Macroeconomic development

In light of the ongoing trade dispute between the USA and China, the global economy remained subdued in the first half of 2019. While economic activity in the advanced economies proved surprisingly firm following a weak second half of 2018, the growth dynamic in emerging markets remained below expectations for the first half of 2019. Global trade also reflected the tensions on the markets: according to estimates of the International Monetary Fund (IMF), global trade growth in the first quarter of 2019 was around 0.5 percentage points slower than in the same period last year. This weaker growth was particularly evident in the emerging Asian markets.

The Chinese economy slowed slightly in the second quarter but remained steady with a overall growth of 6.3 % for the first half-year. In Russia, the pace of economic recovery slowed slightly during the first six months. After a weak March, economic growth started to pick up again in April. World Bank estimates put Russia’s gross domestic product (GDP) growth at around 0.5 % for the first quarter of 2019.

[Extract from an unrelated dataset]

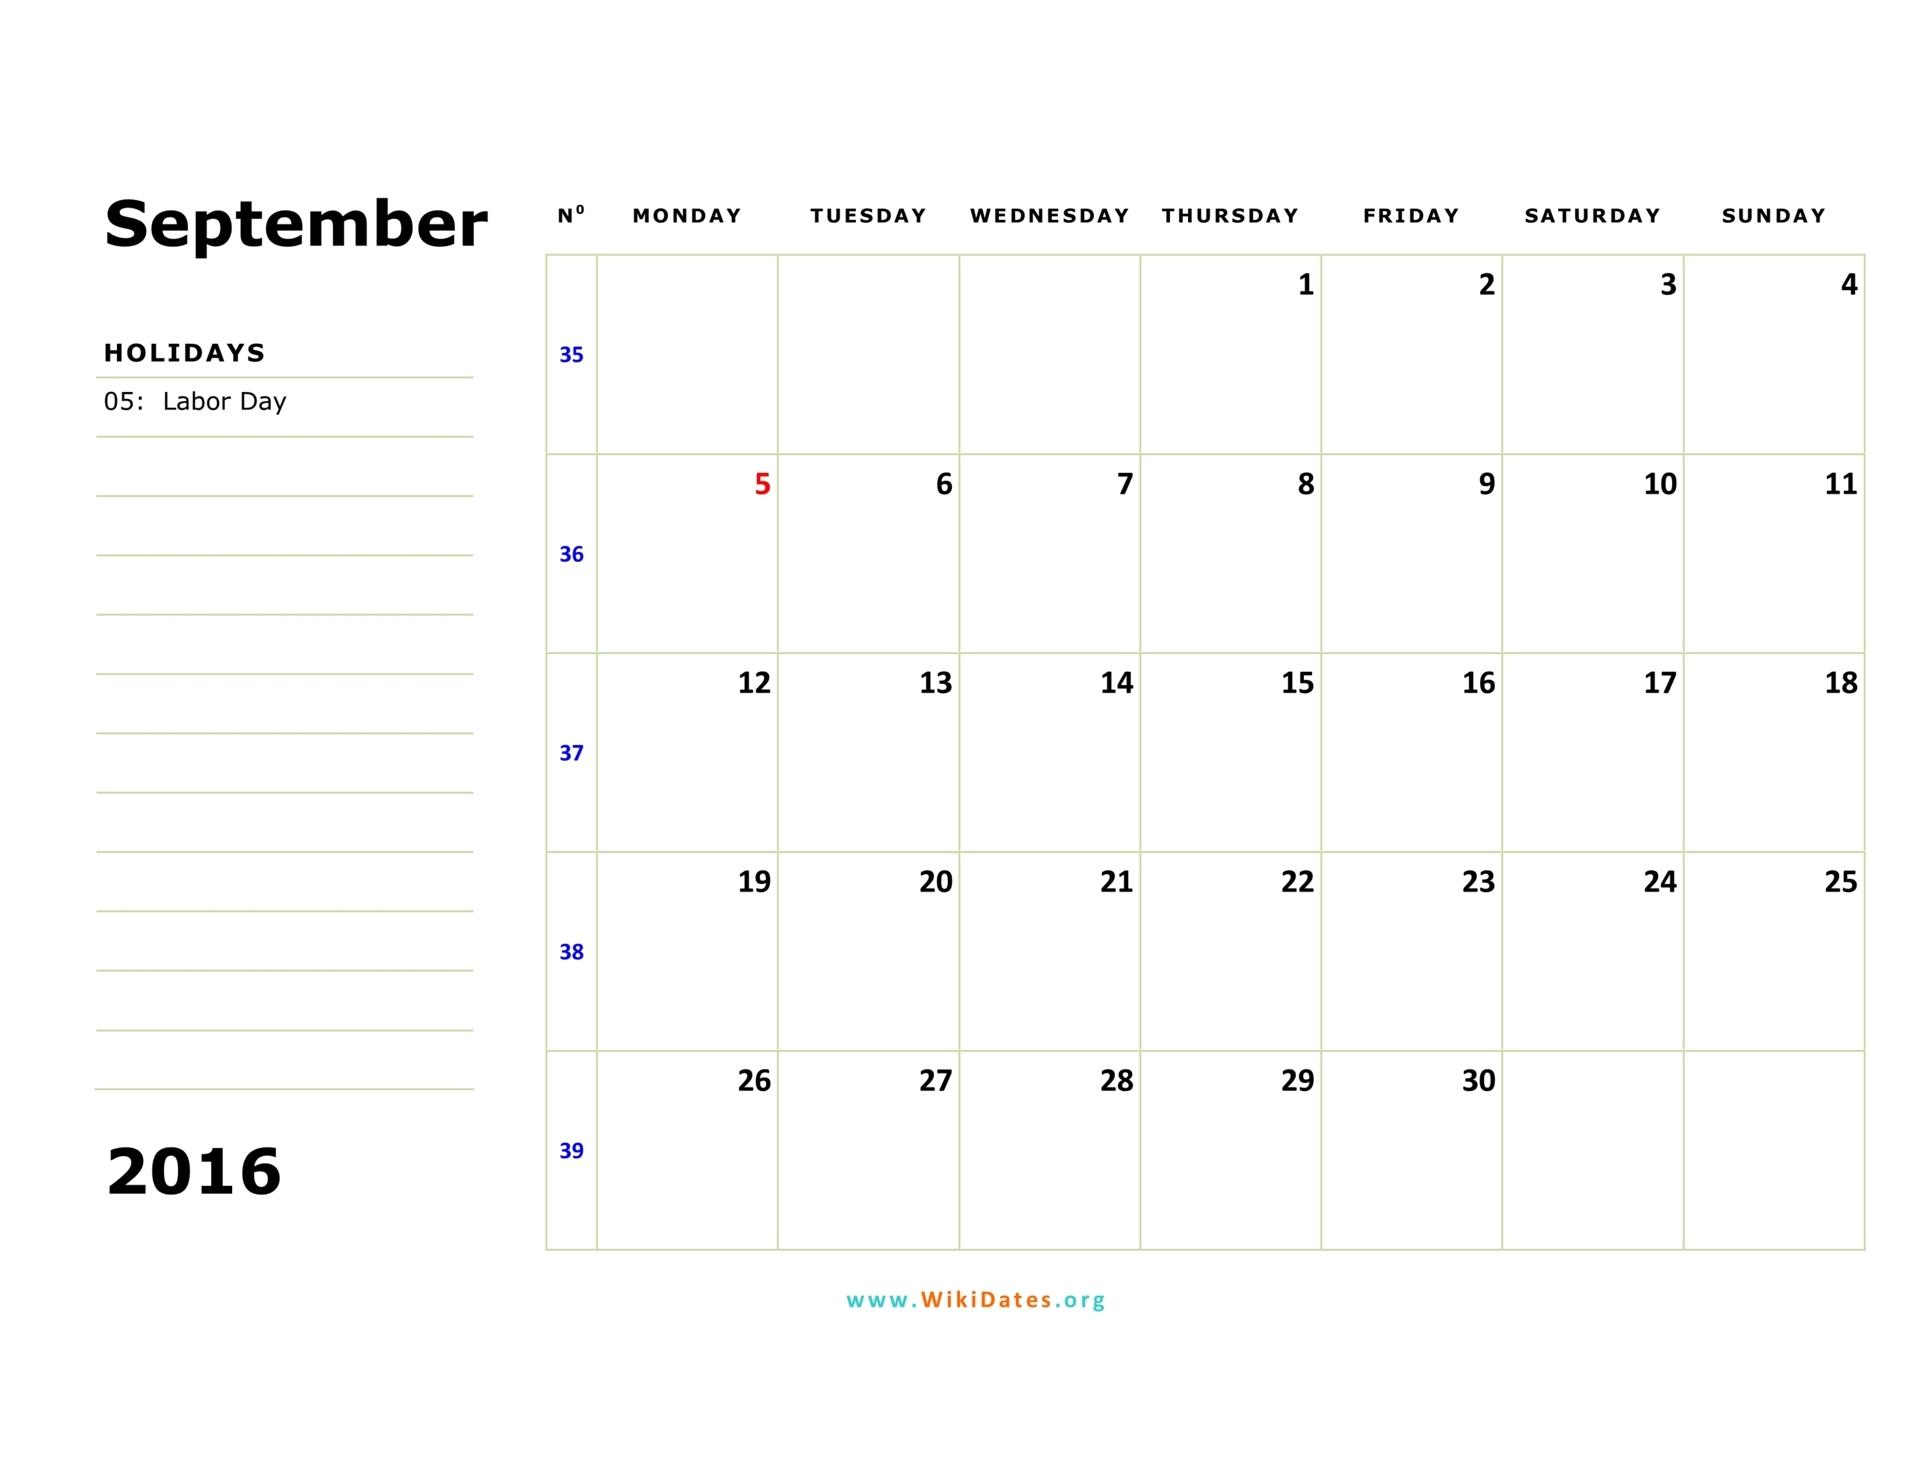 September 2016 Calendar | WikiDates.org
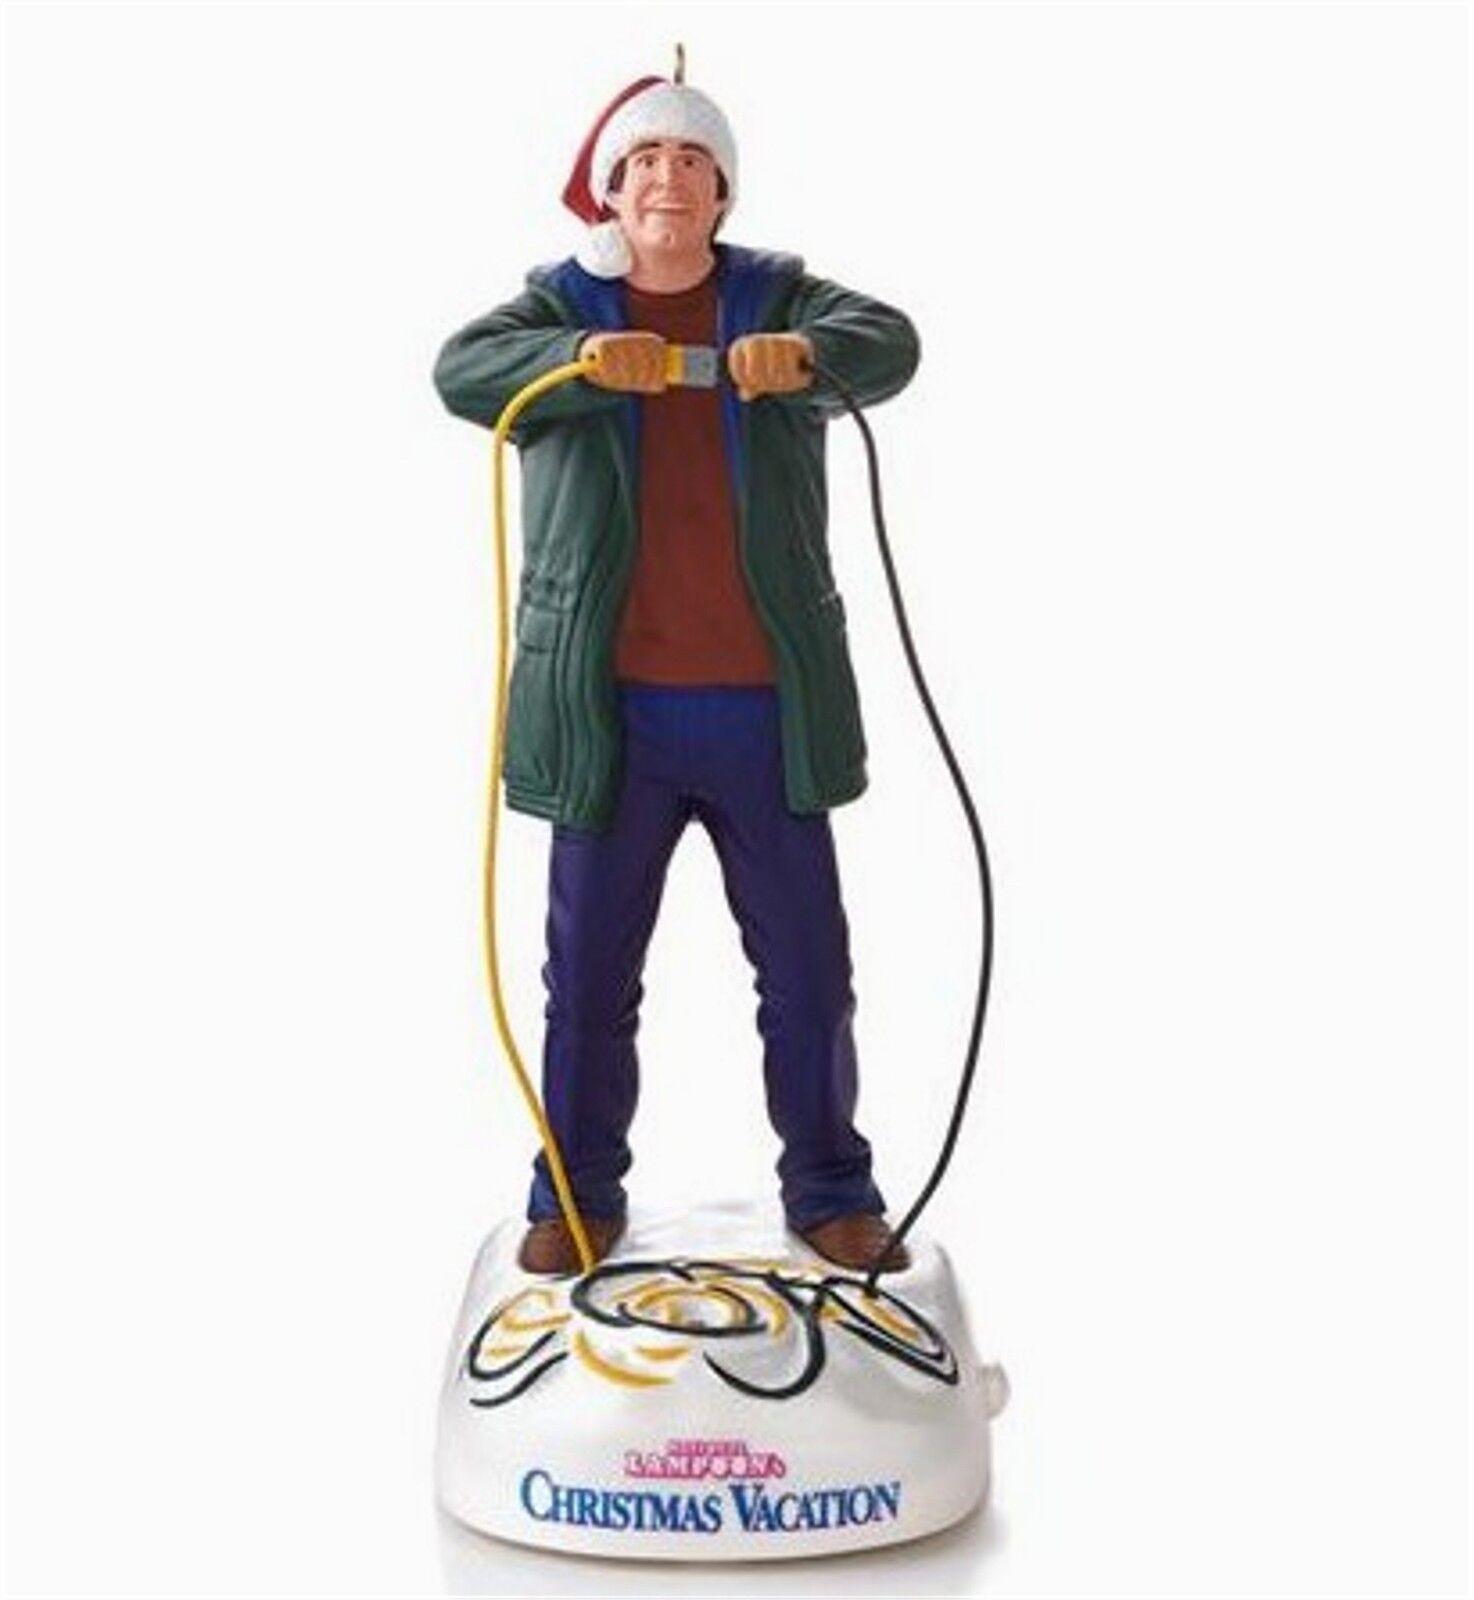 Hallmark 2013 Clark's Christmas Miracle National Lampoons Vacation Ornament

Following a weak second half to 2018, economic indicators for the eurozone point to a recovery for the first half of 2019, but this will continue to be tempered by Brexit uncertainties. According to Eurostat, economic activity in the first quarter is estimated to have grown by 1.2 %. Outside of the eurozone, the Central and Eastern European markets, most notably Romania and Hungary, displayed highly dynamic growth of 5.1 % and 5.2 %, respectively, in the first quarter of 2019. In Poland, growth tailed off slightly as compared with 2018, but GDP still increased by 4.7 % in the first three months of 2019. Economic output in the Czech Republic consolidated at a stable 2.6 % in the first quarter of 2019.

Weighed down by fears that the current trade disputes might affect German exports, economic growth began to slow in Germany over the course of the year. In the first quarter of 2019, German GDP rose by just 0.4 %. According to the Kiel Institute for the World Economy (IfW), there are signs that GDP may even decrease in the second quarter.

Despite this difficult environment, growth in German foreign trade remained stable. In the period between January and May 2019, export growth of 2.4 % was slightly below the prior-year level. Imports, however, significantly improved on the same period last year with growth of 4.5 %.